Furbies con alma y voyeurs inalámbricos | Reseña de Kentukis, de Samanta Schweblin

Reseña de Kentukis, de Samanta Schweblin

Los androides también se sienten solos

Philip K. Dick

Chats anónimos donde tu webcam se conecta con otras miles del mundo, pastillas para anestesiar la soledad como problema global, niños japoneses confinados a la luz azul de sus pantallas, hogares tardocapitalistas del tamaño de cápsulas para jóvenes sin futuro, como prefacio de sus propios ataúdes, algoritmos que persiguen tus huellas por la red para vender vender vender vender, hashtags como tatuajes efímeros, identidades líquidas, porno virtual a la carta, drones que apagan incendios, pulseras inteligentes que salvan el paseo de señoras con Alzheimer, bebés manejando con destreza Youtube, Zuckerberg mirándote por una rendija, drogas y snuff en la Deep Web, videollamadas a la otra punta del globo, robots operando entrañas con mejor pulso que tu cirujano. Podría parecer ciencia ficción o el sueño húmedo de Julio Verne, pero se trata de la realidad actual, un juego eterno de escopofilia y voyeurismo, de smartphones convertidos en miembros fantasma cuando se quedan sin batería y chutes de endorfina vía likes. La sociedad de la hiperrealidad vive en streaming, pero puede que en plena crisis global, el individuo se sienta más solo que nunca.

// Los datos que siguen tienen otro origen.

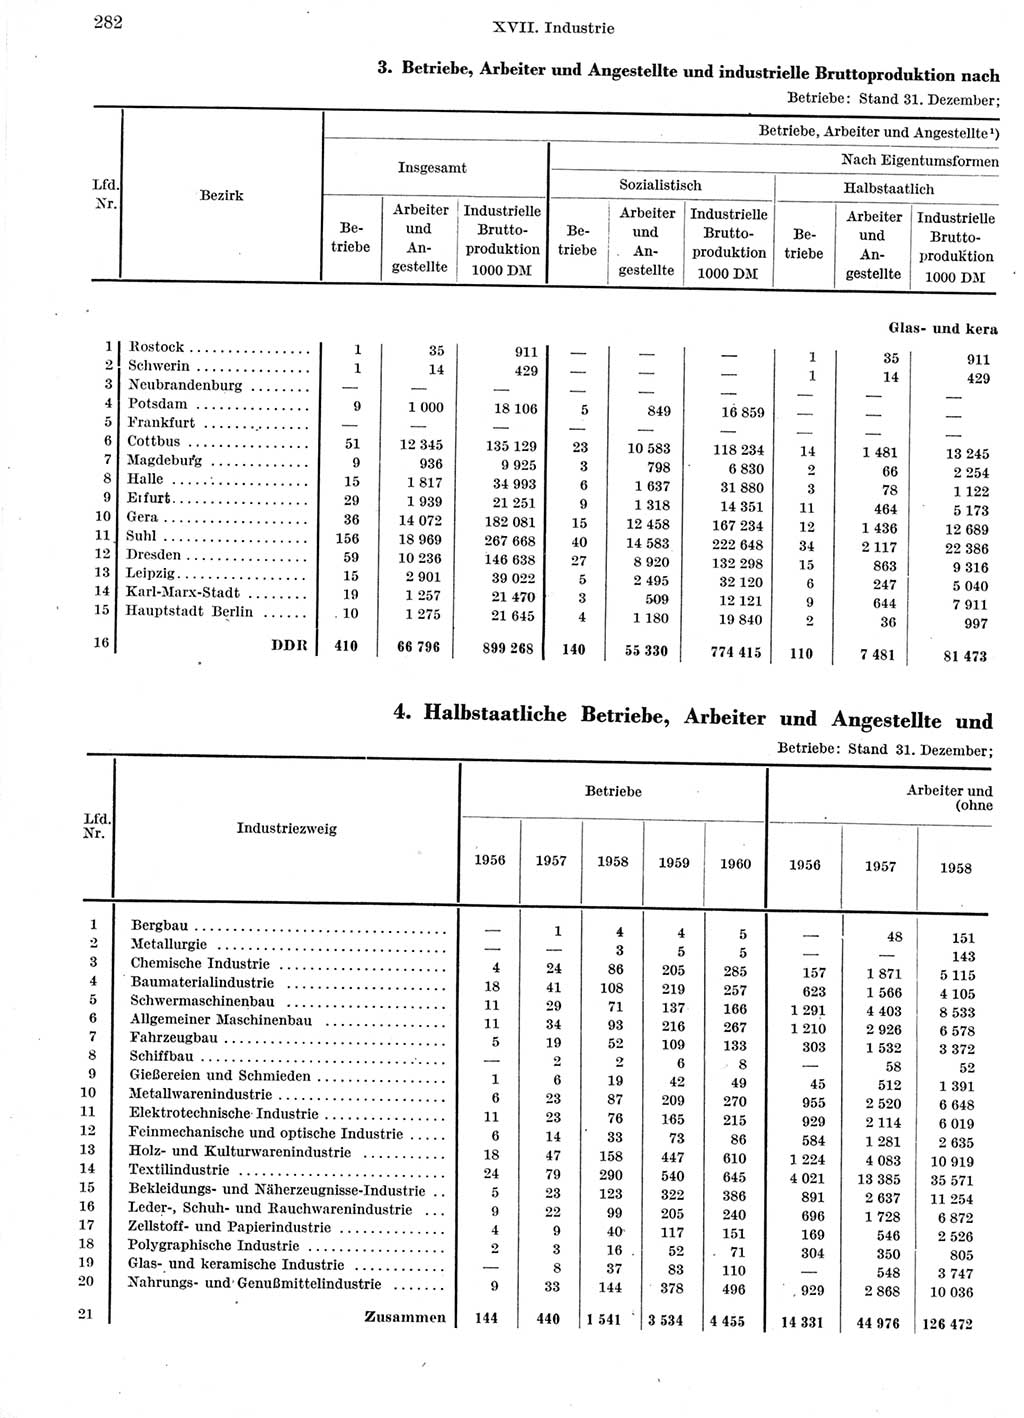 Statistisches Jahrbuch der Deutschen Demokratischen Republik (DDR) 1960-1961, Seite 282 (Stat. Jb. DDR 1960-1961, S. 282)

Nuestra relación con la tecnología es tan compleja, íntima y agridulce que nadie puede abordarla con palabras mejor que Samanta Schweblin, la pluma detrás de Kentukis, una novela publicada por Penguin Random House que escarba en el lado más oscuro, morboso y dependiente que establecemos con los gadgets, explorando la posibilidad de mirar y ser mirado, pasearse por la vida de otros o que se paseen por la tuya, gracias a unos juguetes exclusivos en forma de tiernos animales con cámaras en los ojos y ligados a una persona anónima de cualquier punto del planeta. Son los kentukis, y como toda tecnología abren una nueva Caja de Pandora y desentierran los problemas de siempre: la identidad, los instintos más depravados, la angustia existencial, la conexión con los demás, la rebeldía contra un sistema que exprime y agota a los cuerpos y a las almas hasta hacerlos papilla, las posibilidades del arte, la evasión a través del viaje, el miedo a lo desconocido, la catarsis de la violencia.

Como los humanos, los kentukis no pueden volver a la vida una vez se hayan quedado sin batería. Aquellas personas que se hacen con uno invitan a un nuevo inquilino a colarse en su casa desde su dispositivo, iniciando una compleja interacción sobre la que la autora porteña se posa con mirada viva y cercana, sin juzgar, mostrando un abanico de historias cuyo regusto no es ya futurista, sino rabiosamente actual. Detrás de uno de esos bichos electrónicos con autonomía propia puede estarte mirando un jubilado aburrido, un pedófilo, una adolescente antisistema, alguien que conoces, un sicario, una antigua compañera de universidad. Tu kentukis podría salvarte de un infarto, follarte con un arnés, escuchar tus últimas palabras, hacerte compañía mientras cocinas, lloras o te masturbas, conocer tus infidelidades y tus miserias, tus secretos de alcoba y tus miedos recónditos. Ignorarte o perseguirte a todos lados. ¿Quién de los dos tiene libre albedrío?

Prefieras ser o estar, hayas nacido para ser mirado o para colarte en las vidas ajenas como forma de vivir otras vidas distintas, Kentukis te encantará. Cruda como la misma realidad, afilada como una navaja, picante como el wasabi y repleta de incógnitas sobre el tecnologizado presente que se ciñe sobre nosotros como una colección de sogas o un universo de posibilidades, se trata de una novela sin precedentes. Un relato coral del vínculo -desde emocional y simbólico a fetichista y y compulsivo- que establecemos con las máquinas, capaces de sacar afuera nuestro patetismo e irrelevancia pero también nuestras ansias de libertad, nuestro interés por el resto o la conexión con lo que verdaderamente nos importa.

A ti te tocó el furby, el smartphone o el cinexin pero puedo haberte tocado vivir con un kentuki. Y la pregunta sigue siendo: ¿qué hacemos ahora?